**PROBLEM:**
Write the records out again without change. Leave the pictures behind.

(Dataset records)
%%

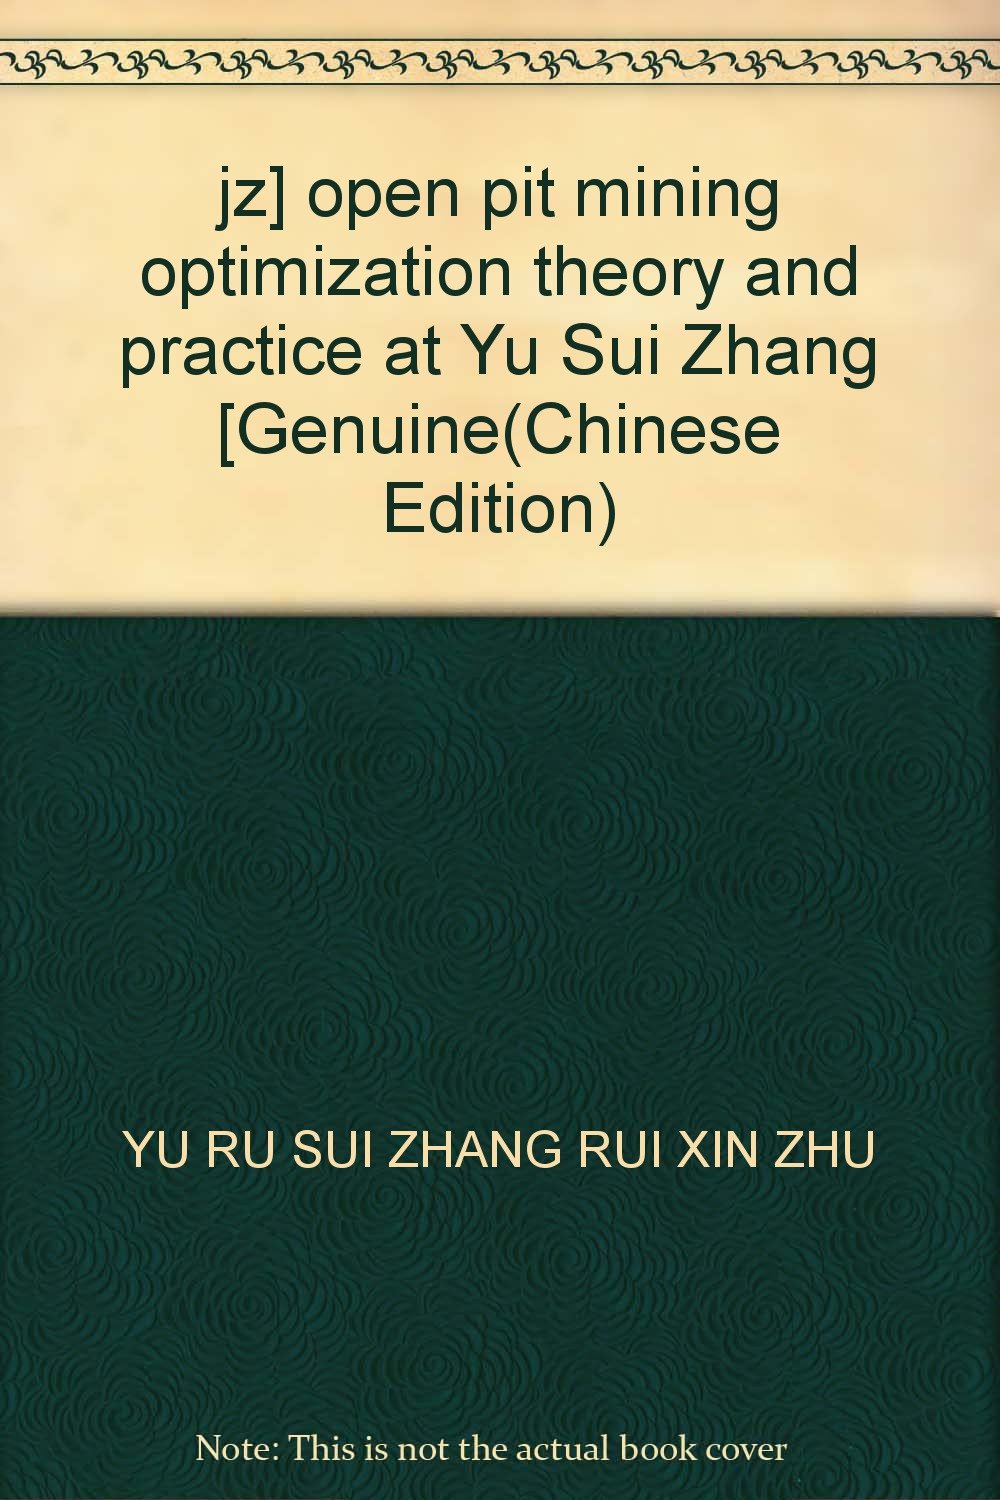 Yu Sui Zhang jz] open pit mining optimization theory and practice at Yu Sui Zhang [Genuine(Chinese Edition) 
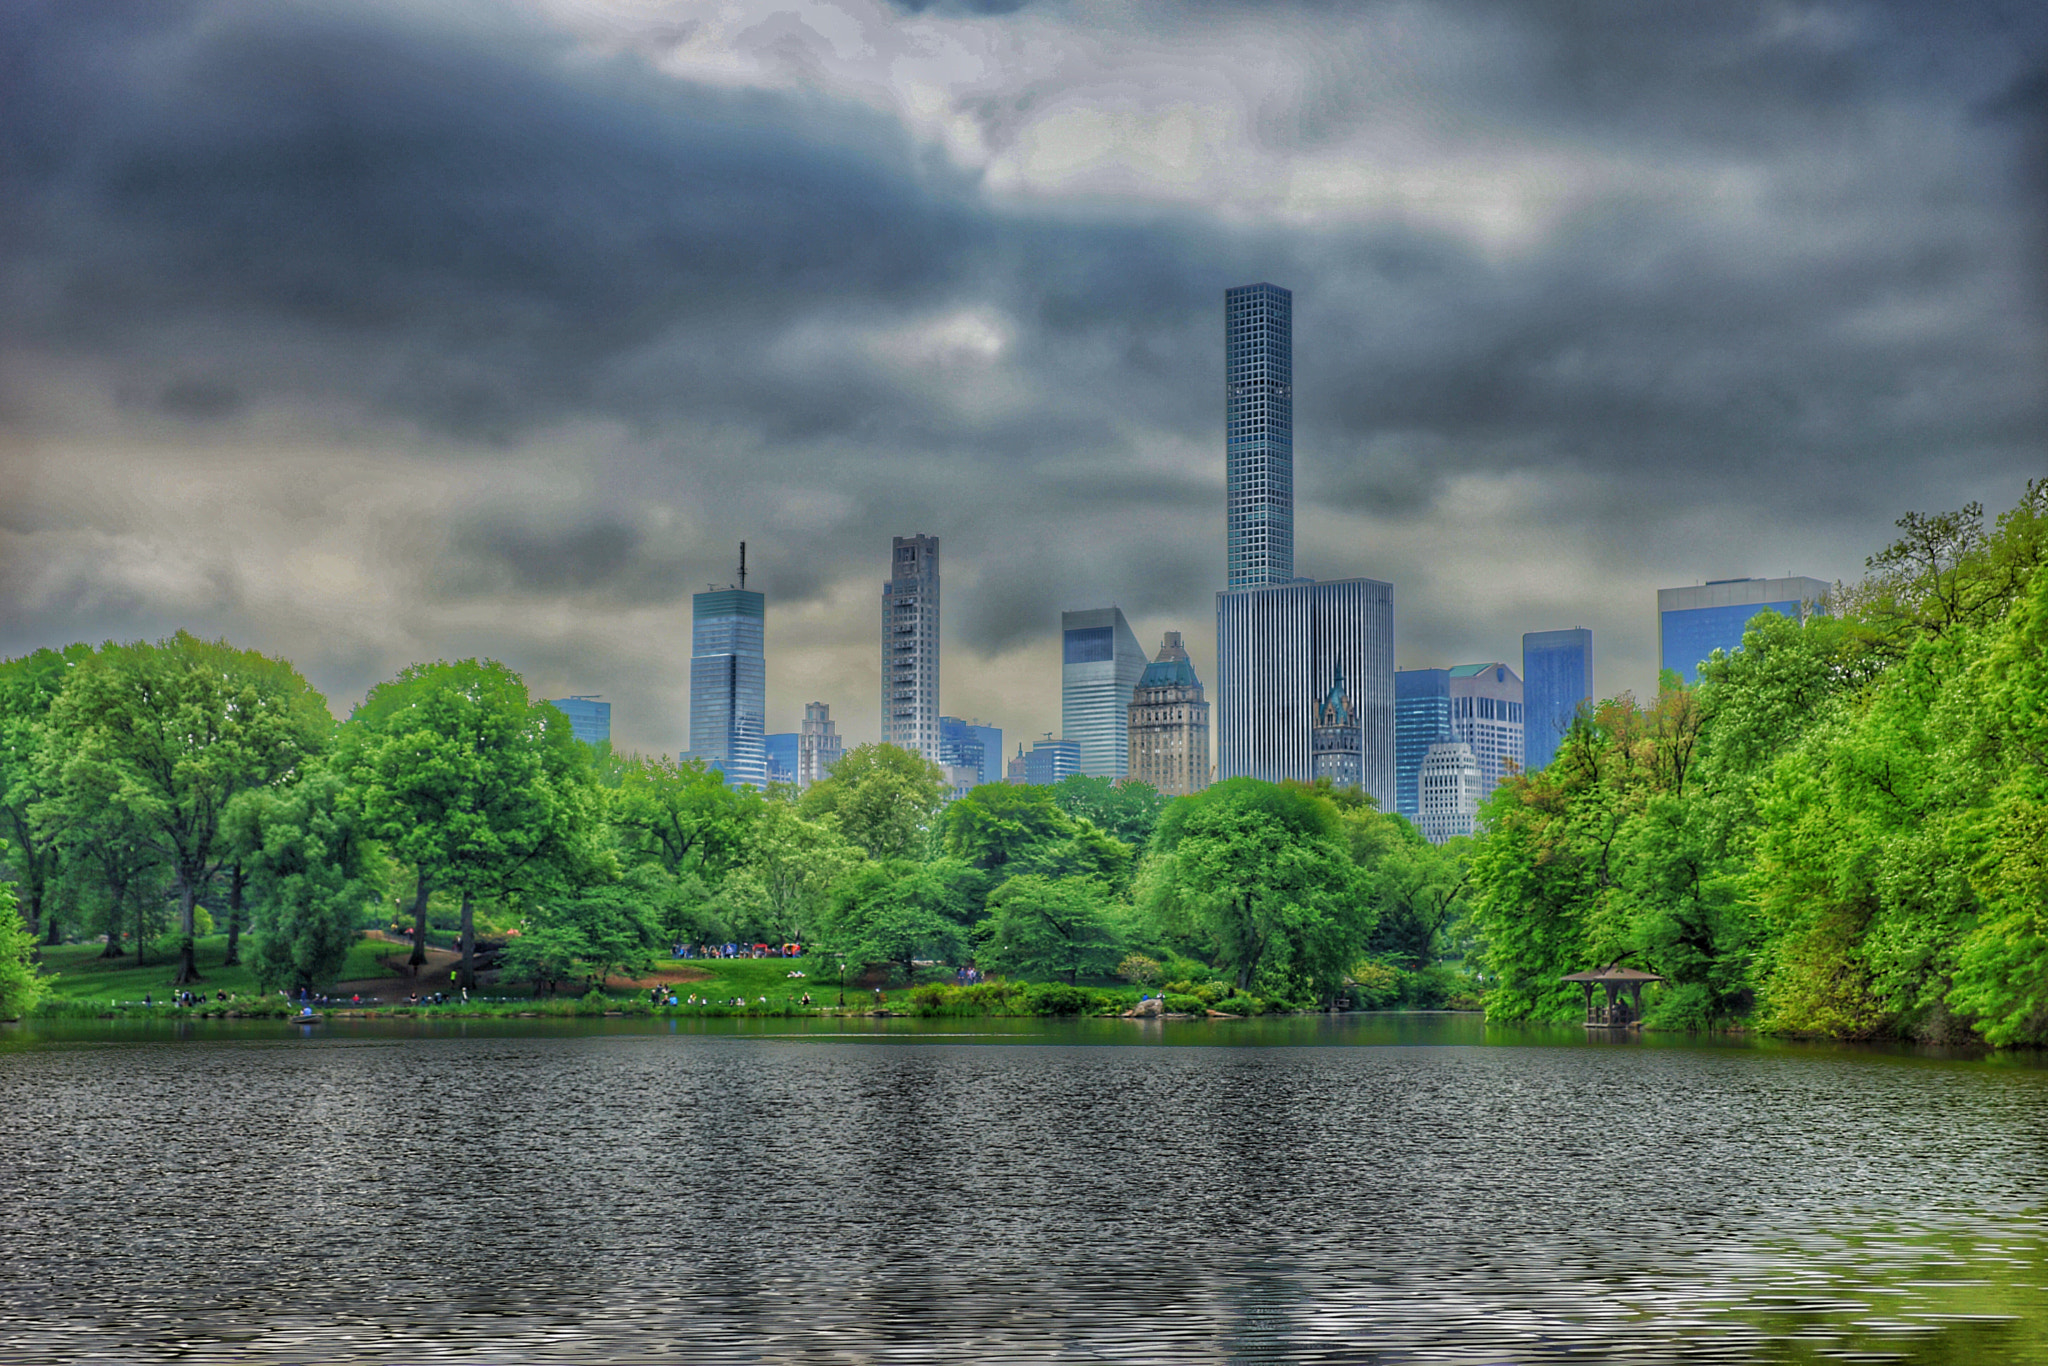 Hasselblad HV sample photo. A little piece of new york city from central park on an overcast day photography
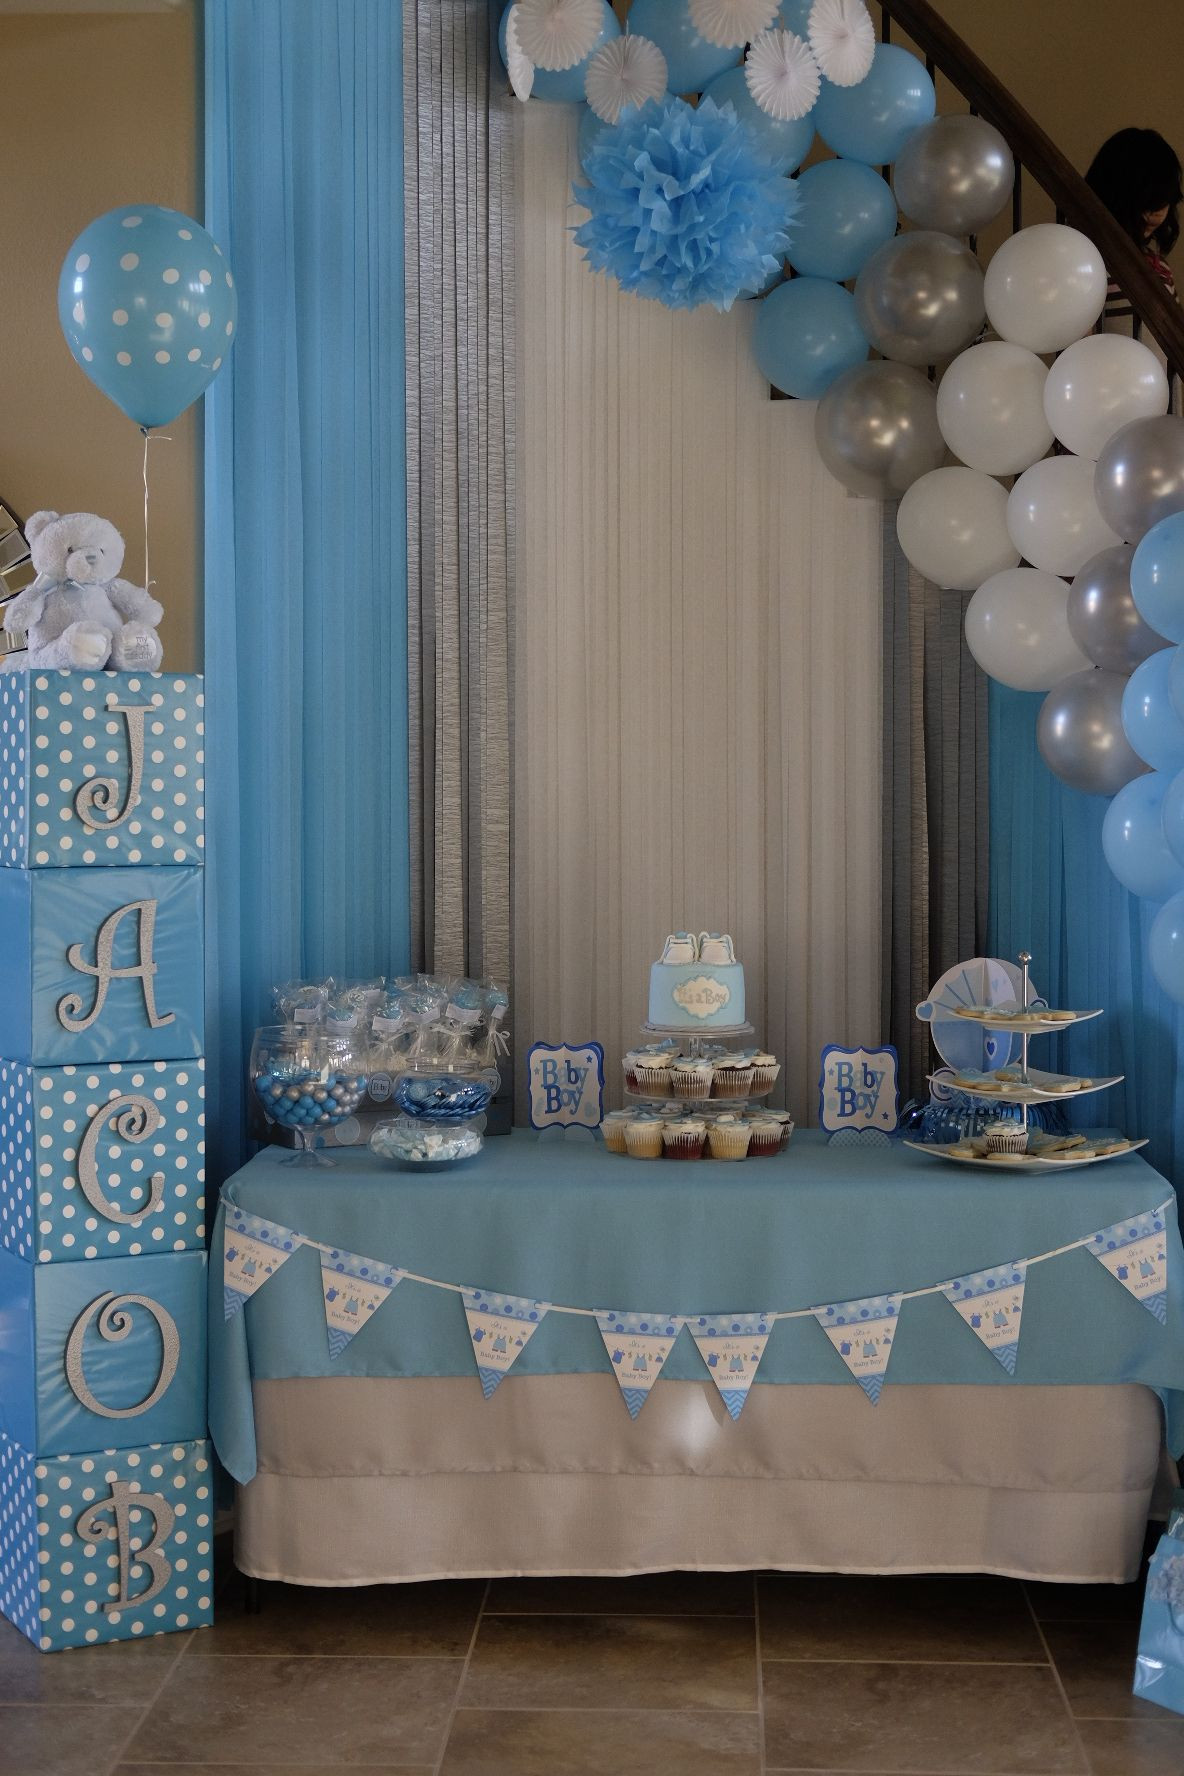 Baby Boy Shower Decorations Ideas
 Pin by Jennelyn Escoto on BABY JACOB SHOWER in 2019
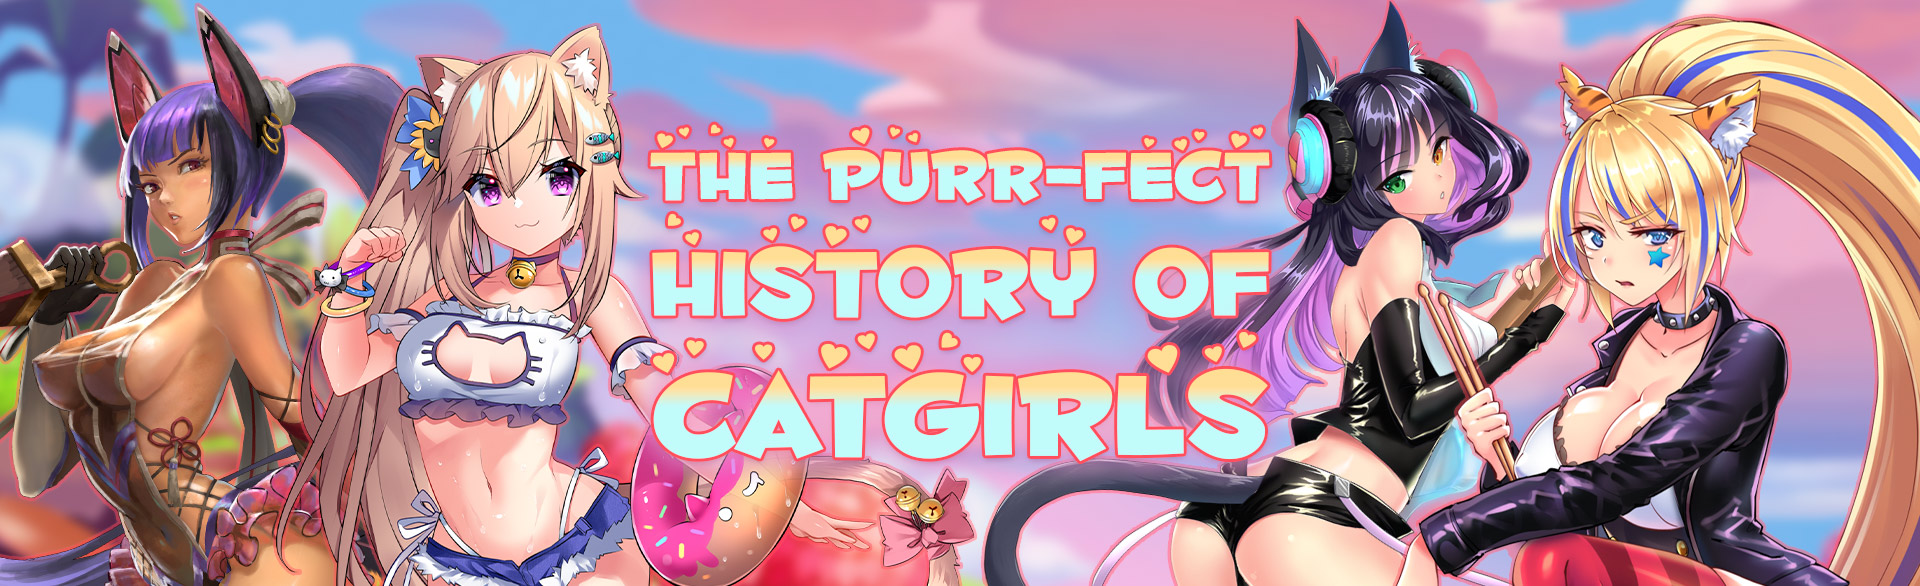 The Purr-Fect History of Catgirls

%%

**TASK RESPONSE:**
 Yu Sui Zhang jz] open pit mining optimization theory and practice at Yu Sui Zhang [Genuine(Chinese Edition) 
 Hasselblad HV sample photo. A little piece of new york city from central park on an overcast day photography
 Baby Boy Shower Decorations Ideas
 Pin by Jennelyn Escoto on BABY JACOB SHOWER in 2019
 The Purr-Fect History of Catgirls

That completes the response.